=== Activity ===
Word for word, restate the lines from the one containing "5 000 000 gold" through the last line of the material, and include no pictures.

*** Input data ***

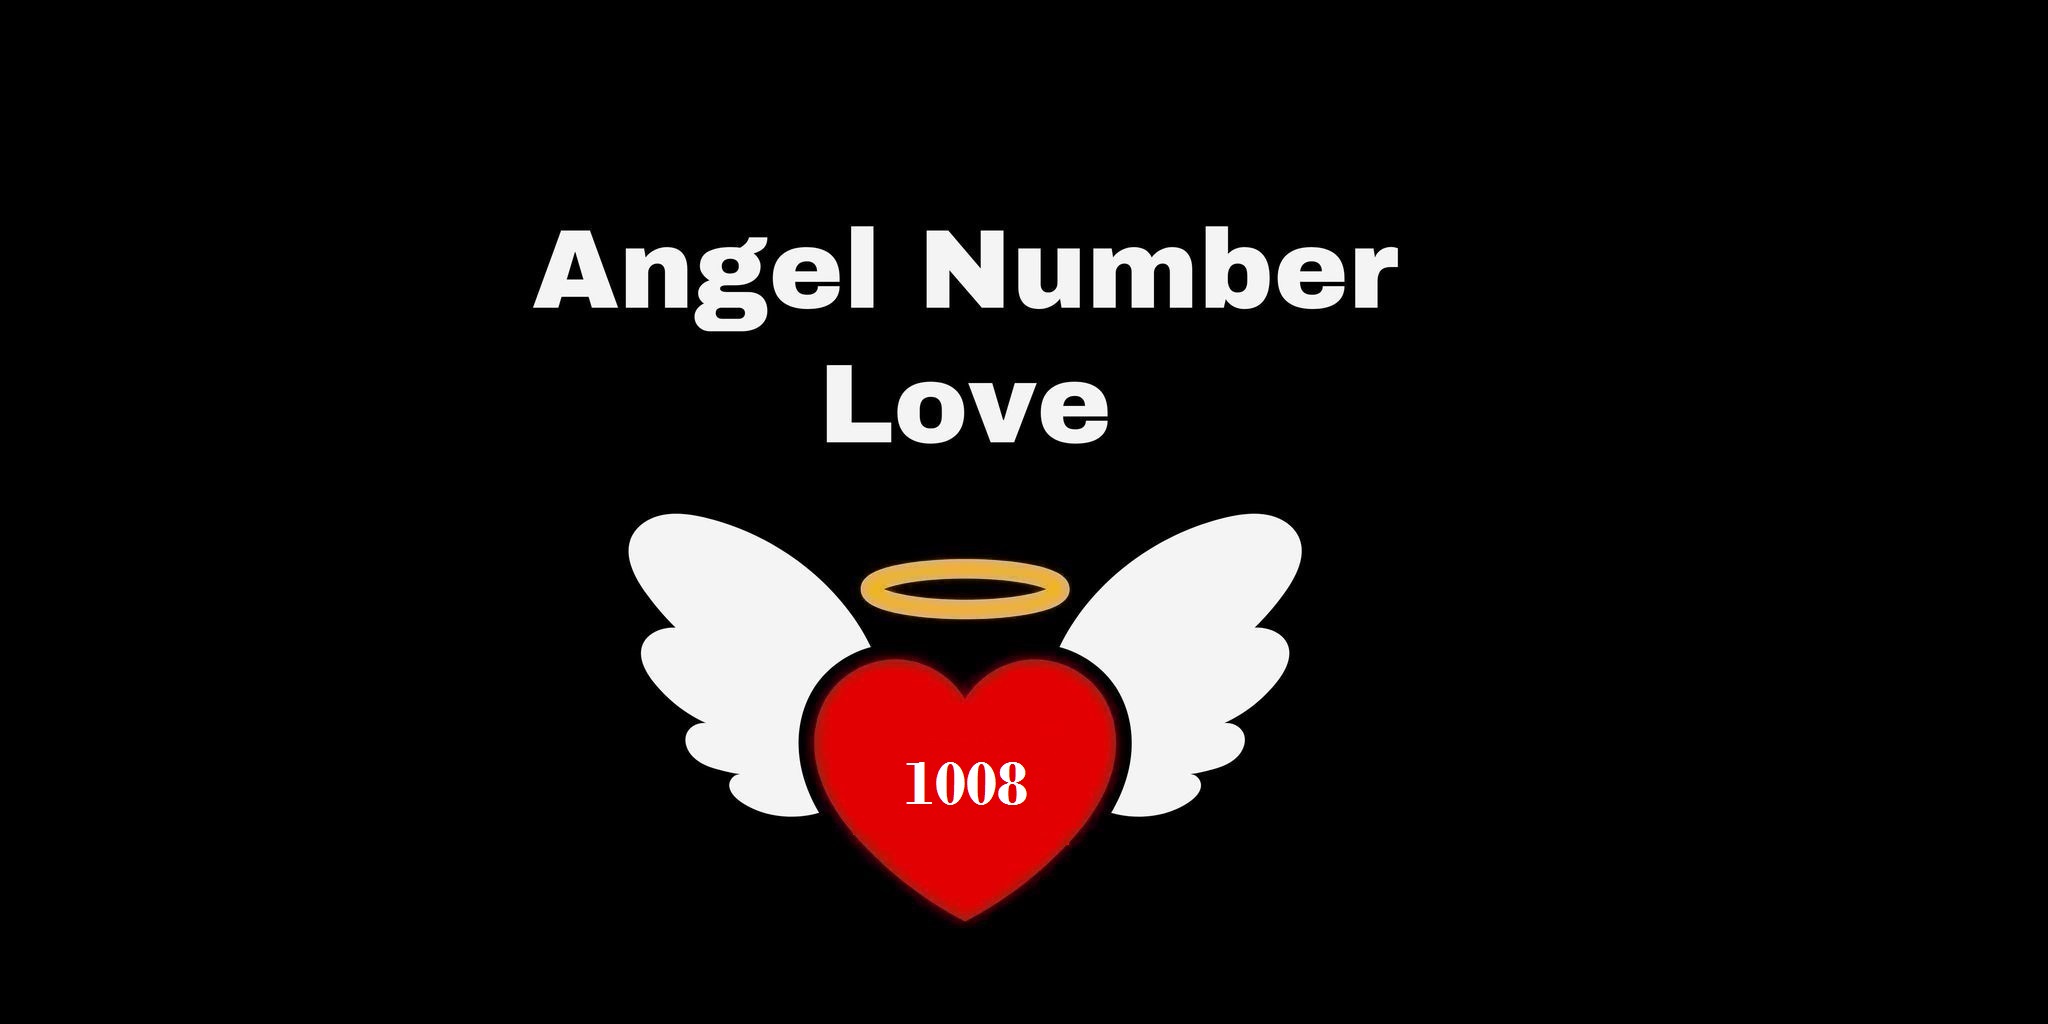 1008 Angel Number Meaning In Love
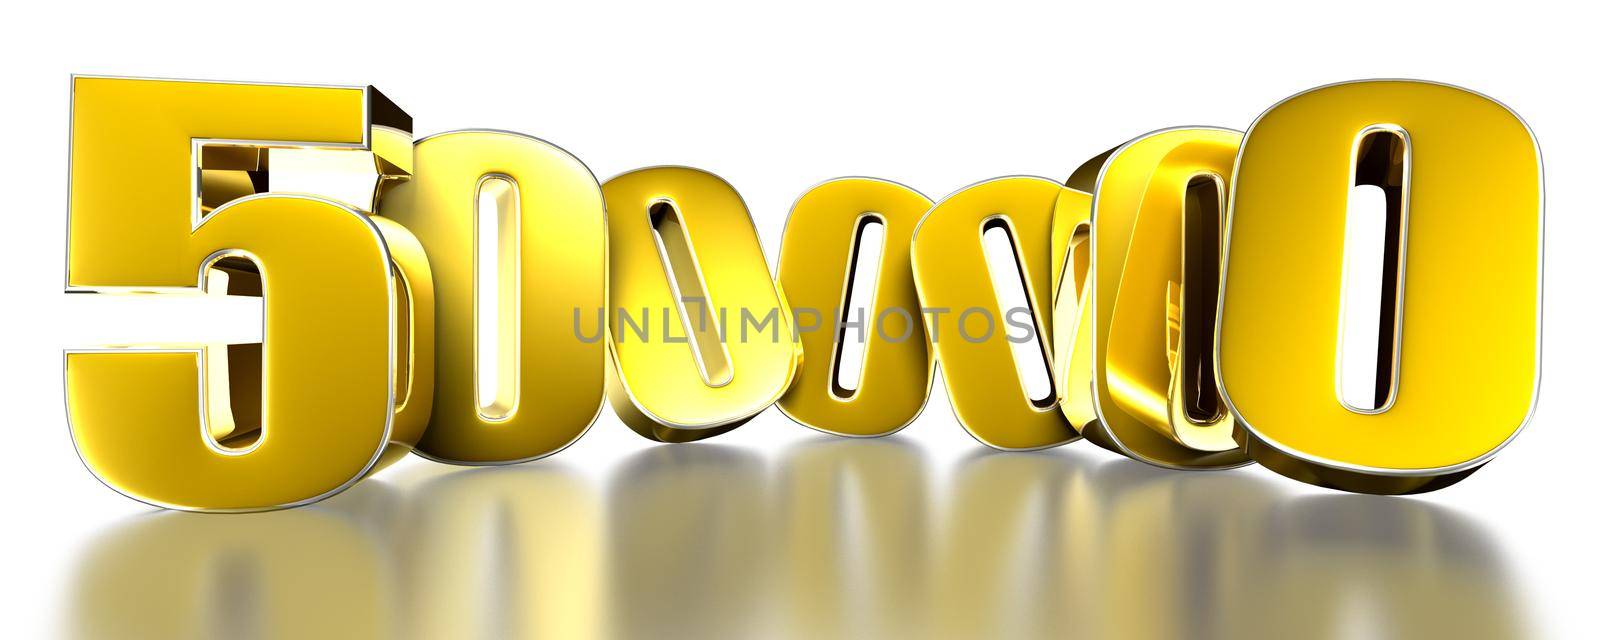 5 000 000 gold 3D illustration on white background with clipping path. by thitimontoyai
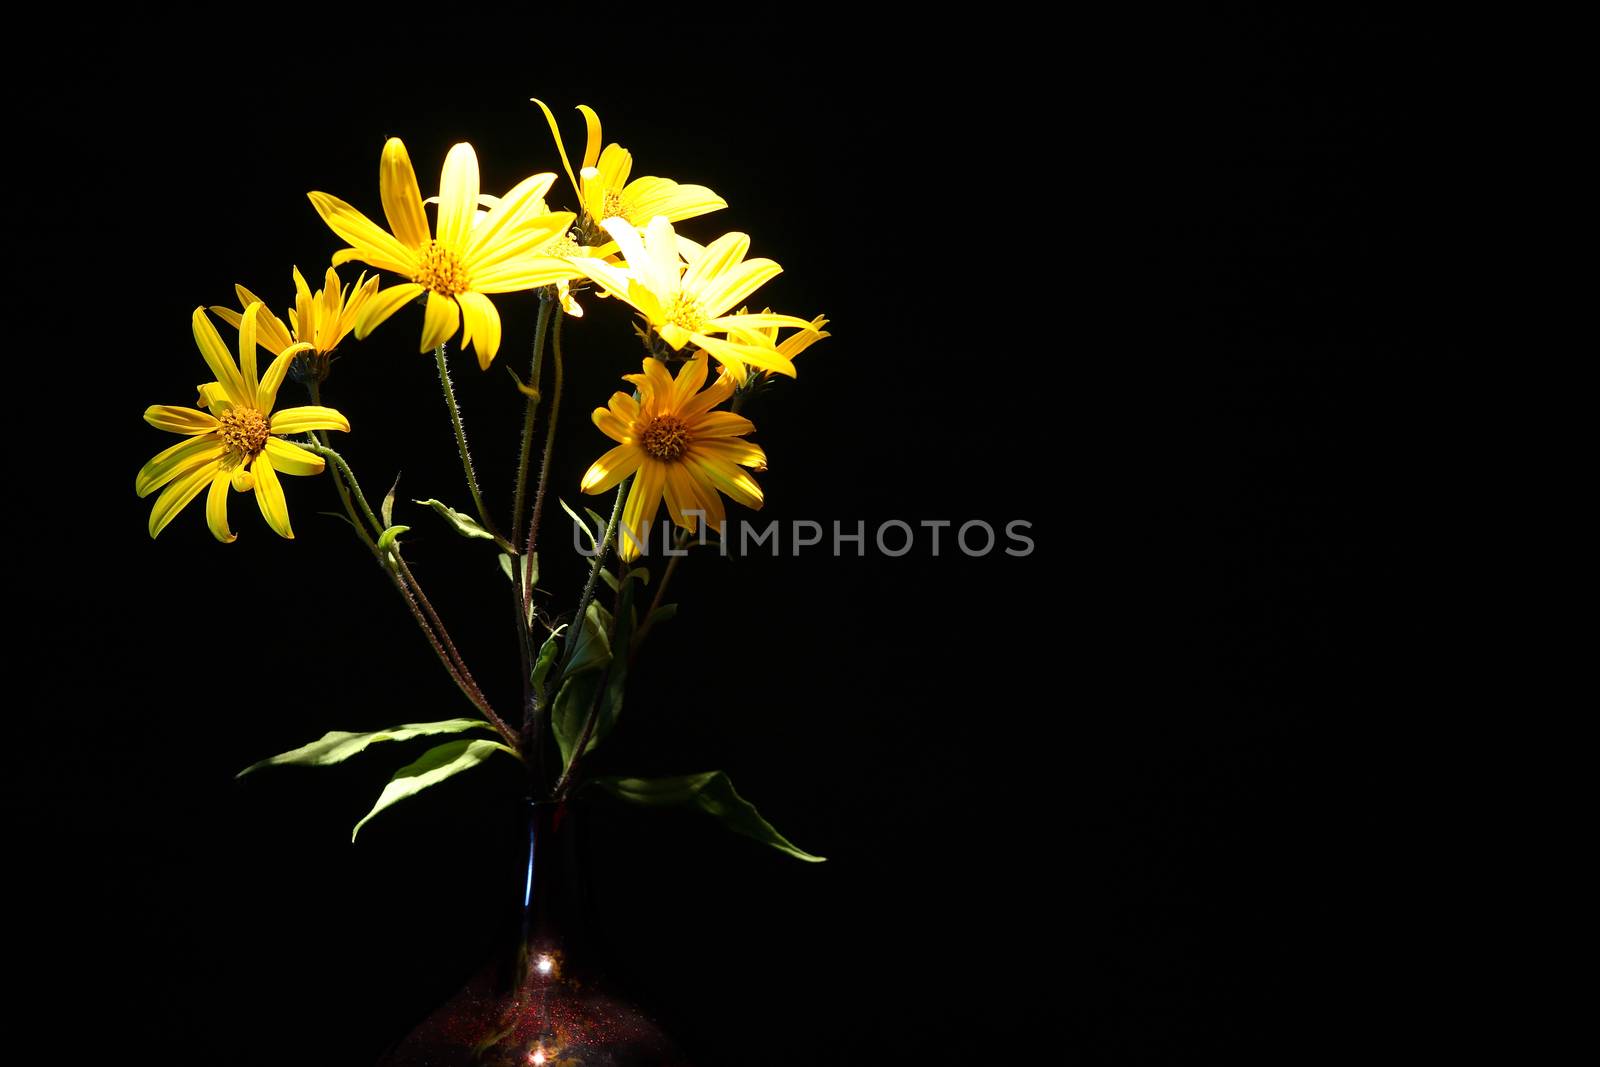 Nice yellow wildflowers in glass vase against black background

*** End of Input data ***

=== Answer for the task ===
 5 000 000 gold 3D illustration on white background with clipping path. by thitimontoyai
 Nice yellow wildflowers in glass vase against black background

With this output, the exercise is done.